В общем, решил я заготовить дров. Выбрал поблизости, чтобы издалека не таскать, три подходящих дерева, и не шибко тонких, но и не вековых отнюдь, и в запале приступа усердия и трудолюбия, их свалил. Вспотел конечно страшно, утомился, устал с непривычки и пошел попить чаю. Напился, посидел, и пока не сморило меня в сон, пошел работать дальше. Срубить — это ведь еще не полдела даже. Нужно обрубить ветви, сучки, оттащить их в сторону, распилить ствол на чурбачки, наколоть дров, сложить поленницу наконец. Надо поспешать, чтоб к темну, к возврату Григорьича хотя бы с ветвями управиться. Чтоб какой-никакой, а сполна сделанной работенкой отметить перед упрямым стариканом то, что не зря мною этот день прожит. Да что там перед стариканом — и себе самому что-то занести в зачет.

В пылу работы, прыгая то справа, то слева, возясь между ветвей и пятясь задом вдоль ствола я не заметил сразу, а заметив не принял во внимание надсадные крики какой-то птицы. А она все летала где-то надо мной, скакала по верхушкам деревьев и не унималась в своих воплях. Я продолжал работу, но этот вопль начал меня донимать. Вот ведь вредная какая животная.

Работа спорилась, но темп замедлялся, рвался и я стал ловить себя на мысли, что жду когда птица опять заорет. Что нормально, с полной отдачей, я работаю от одного ее крика до другого. Раскатистый, сухой, трещащий крик вмешивался в мой труд, не давал держать скорость, низвергал все мои усилия. Я стал обращать внимание вовне — на ветерок, на температуру, на мозоли на руках, на то, как саднит поясницу. И понял, что работе, пожалуй, пришел конец. Расстроила, сучка эдакая, неведомая тварина всю мою работу, сбила, как сосульку с крыши весь мой трудовой порыв, опошлила, гадина такая, замысел.
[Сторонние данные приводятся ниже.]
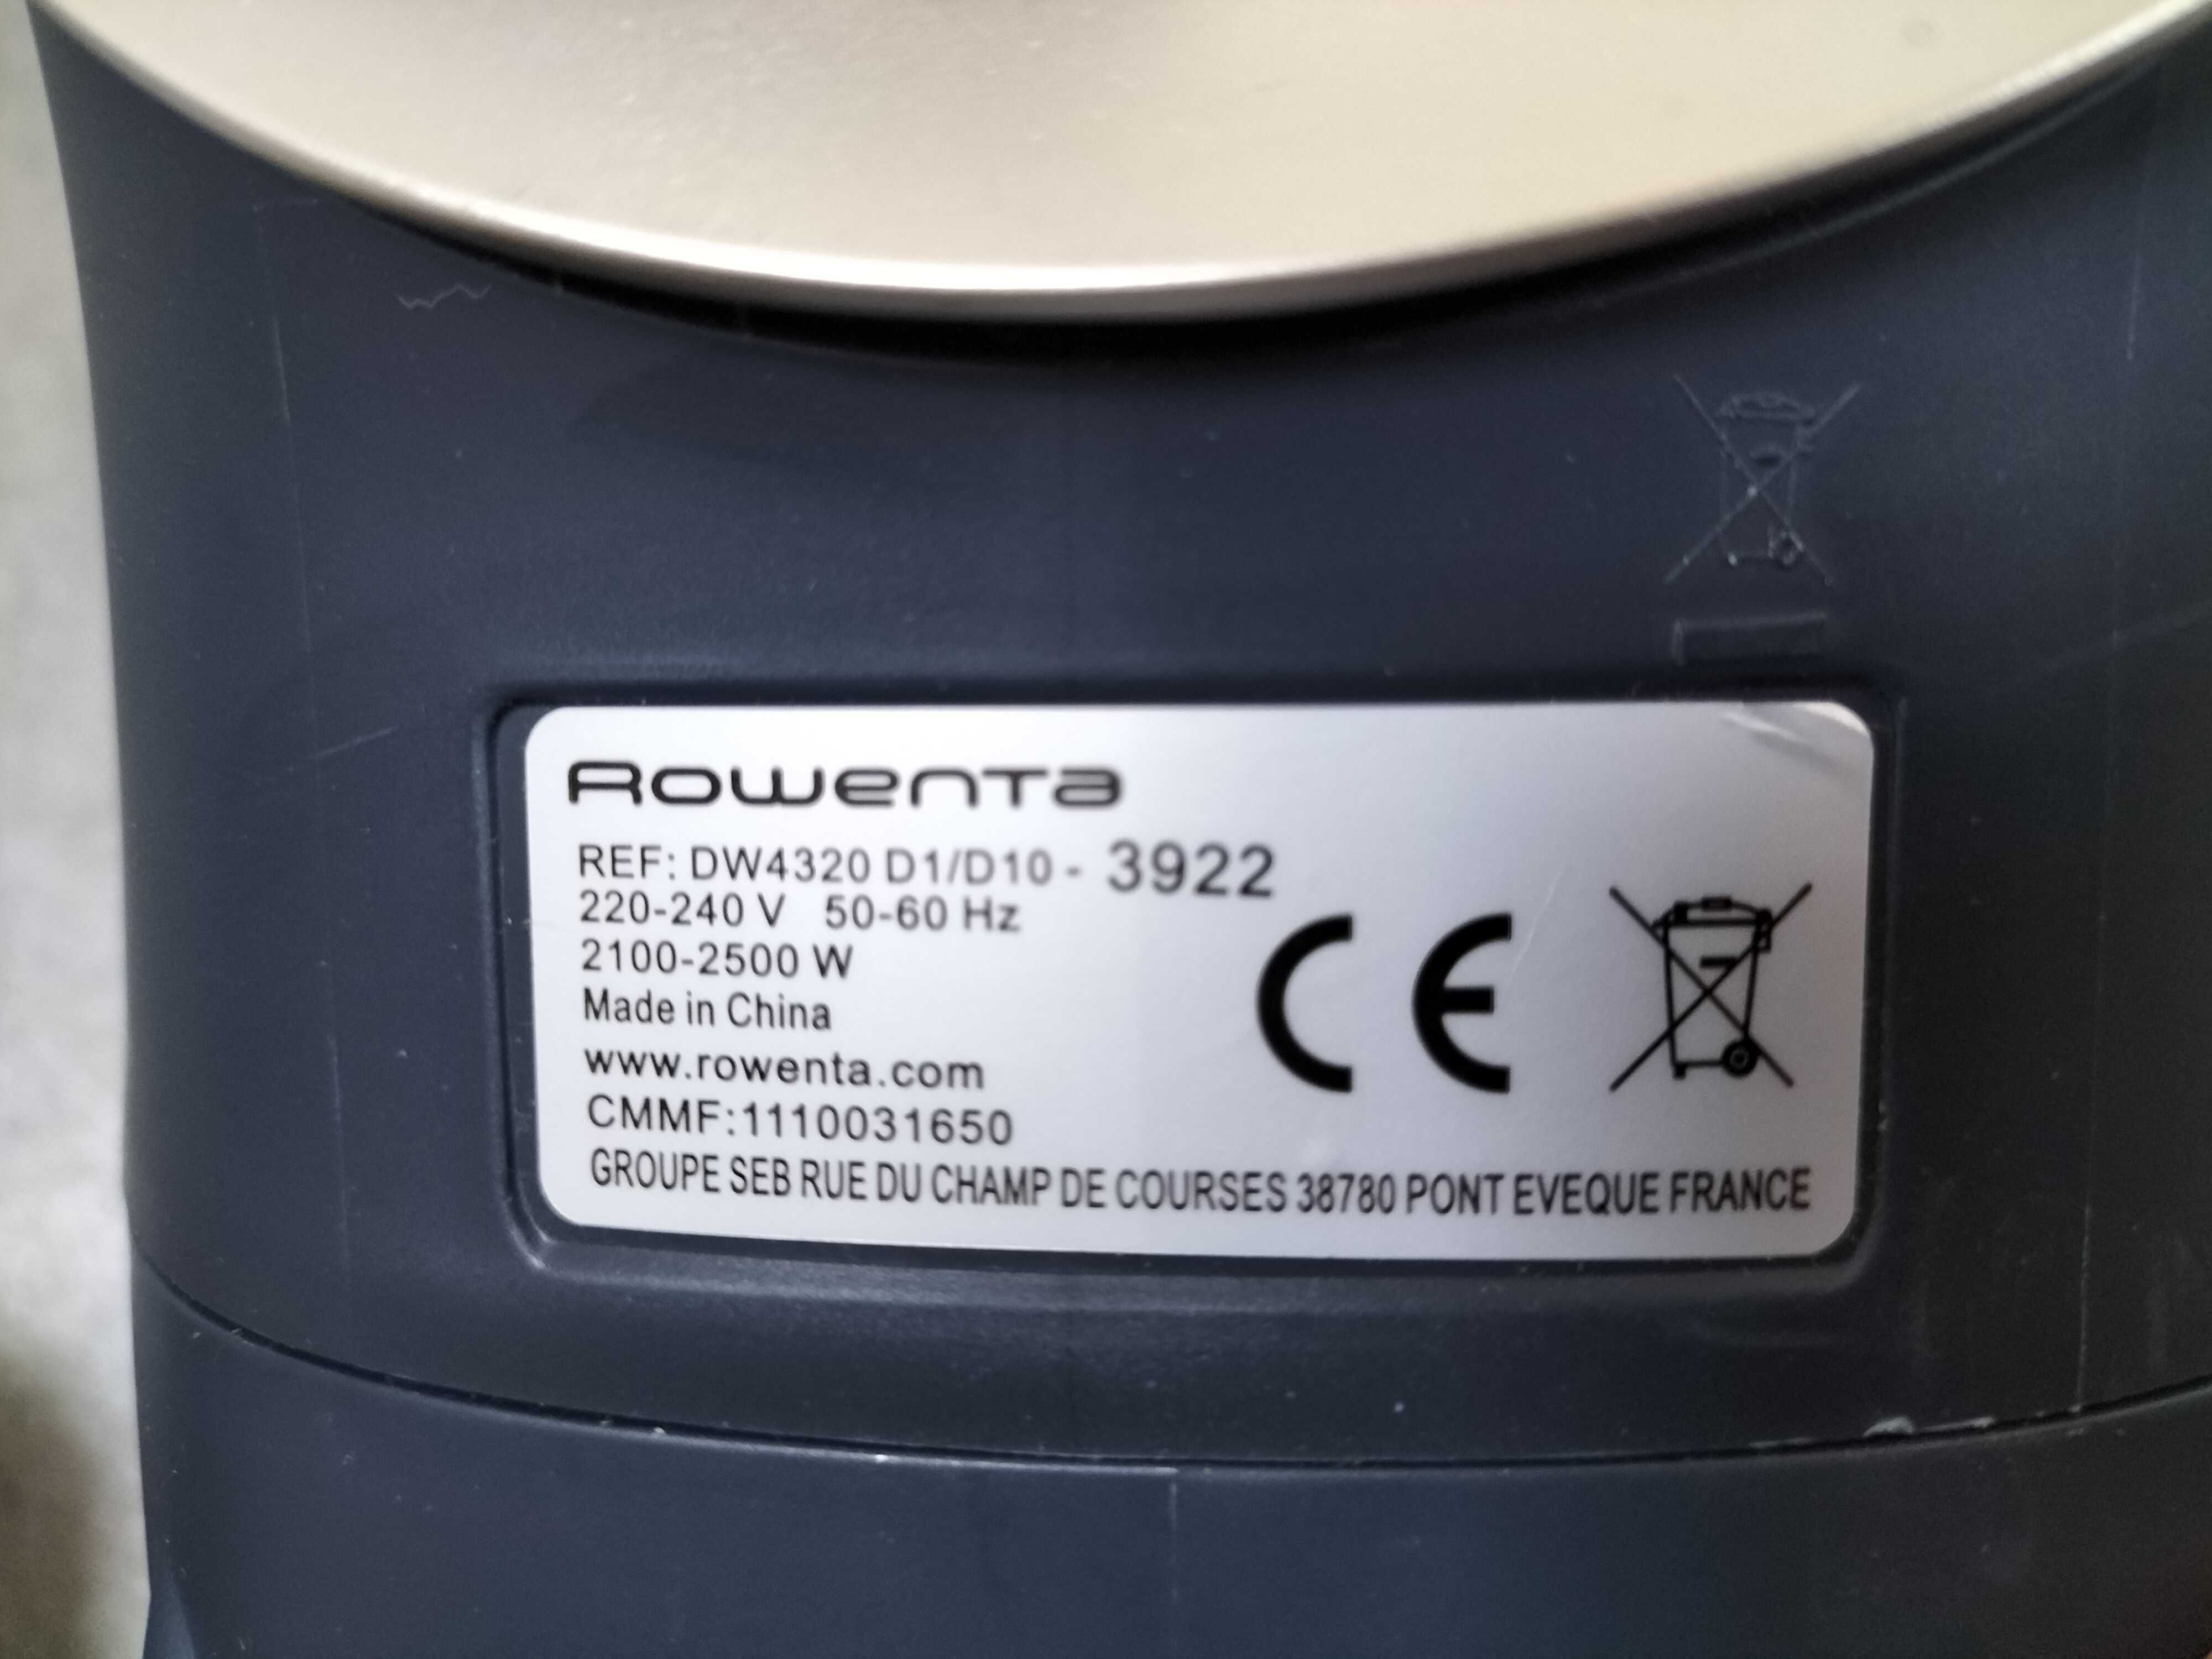 Nowe żelazko Rowenta DW4320D1 2500 W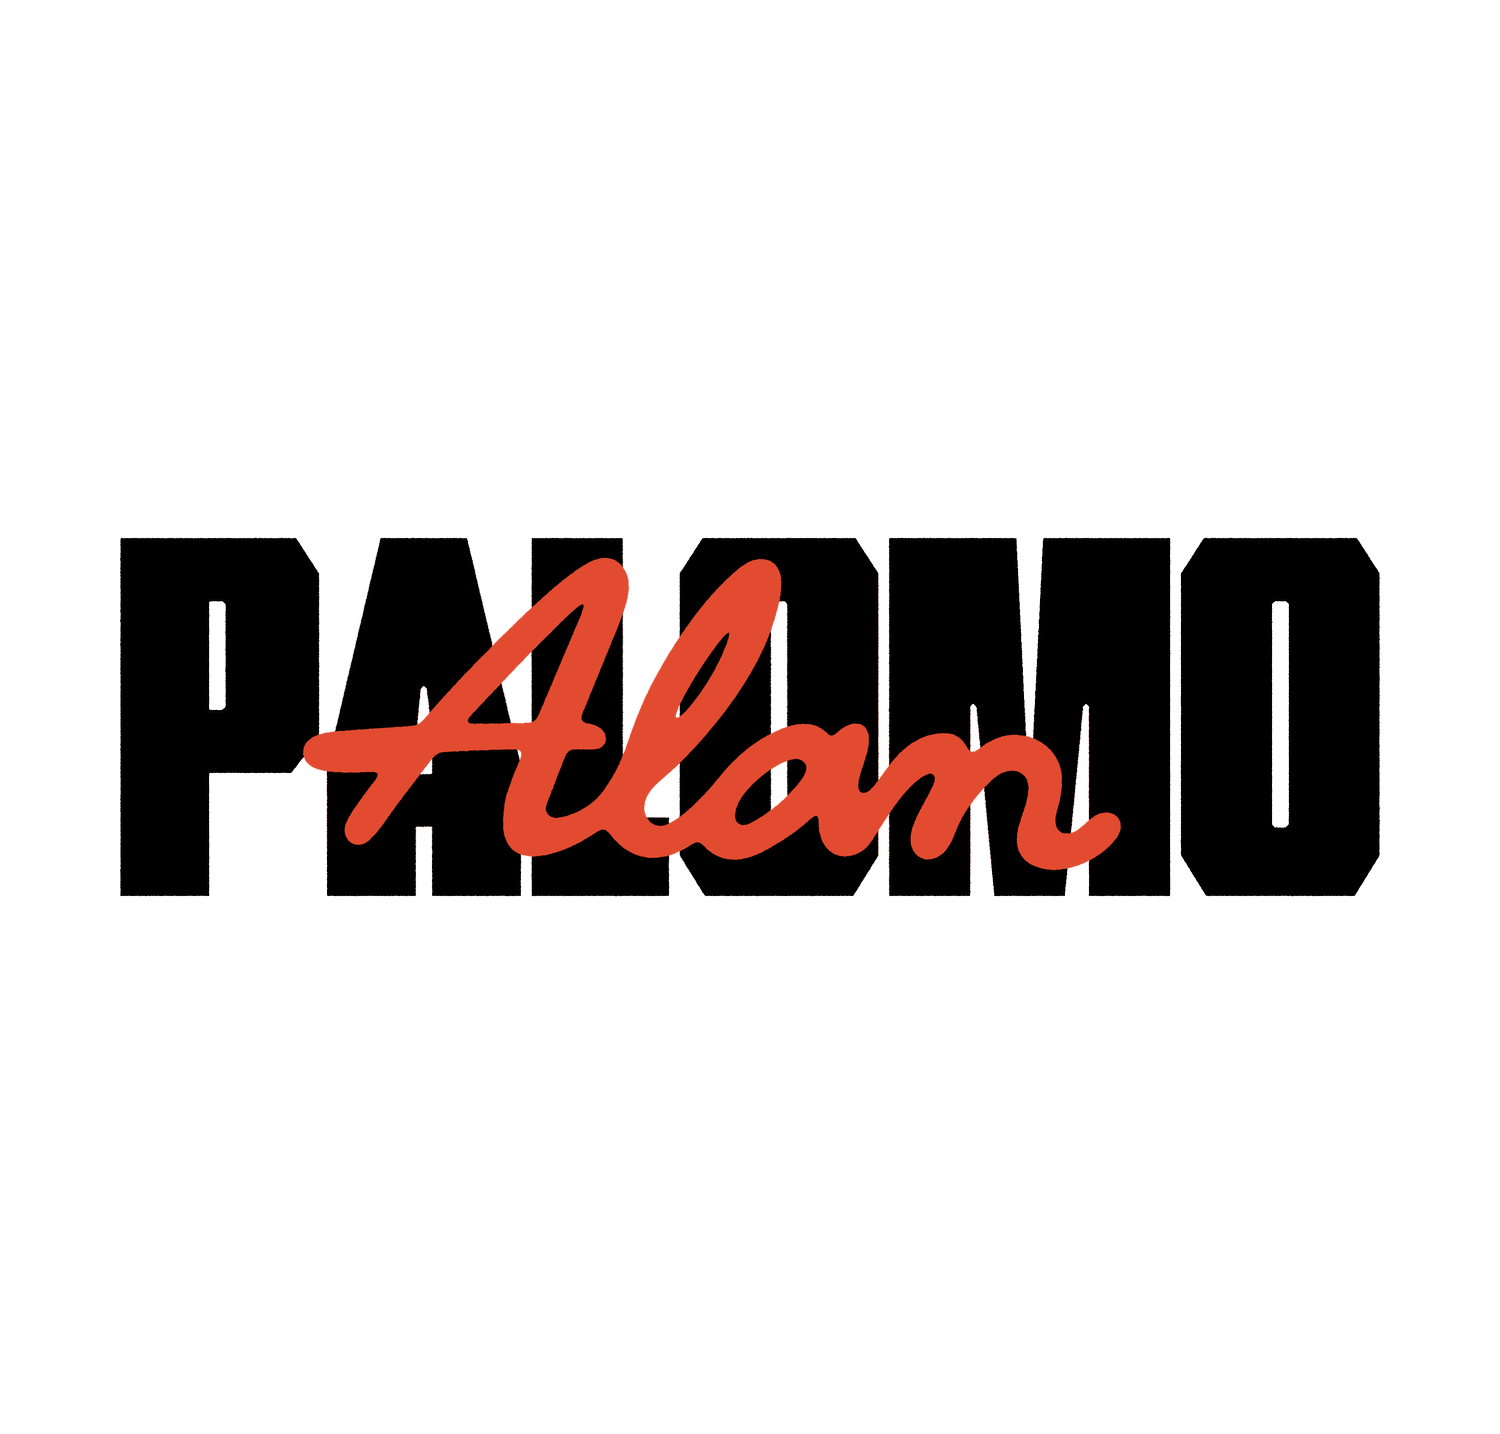 Alan Palomo

Я покидал по ветвям палками, попробовал прогнать — куда там, как орала, так и орет. Подумал, может её тревожит стук топора и решил перекурить. Присел на оглаженный, почти уже освобожденный от ветвей ствол и стал набивать самодельную трубочку.

Птица не унималась, визжала, скакала по ветвям, шуршала, беспокоилась. Обеспокоились и собаки. До того беспечно игравшие, они как-то засуетились, замельтешили, стали жаться друг к другу. И вдруг завиноватились, мотая головами, как они делают это, чуя за собой какую-то шкоду. Я подозвал их к себе, но они не пошли.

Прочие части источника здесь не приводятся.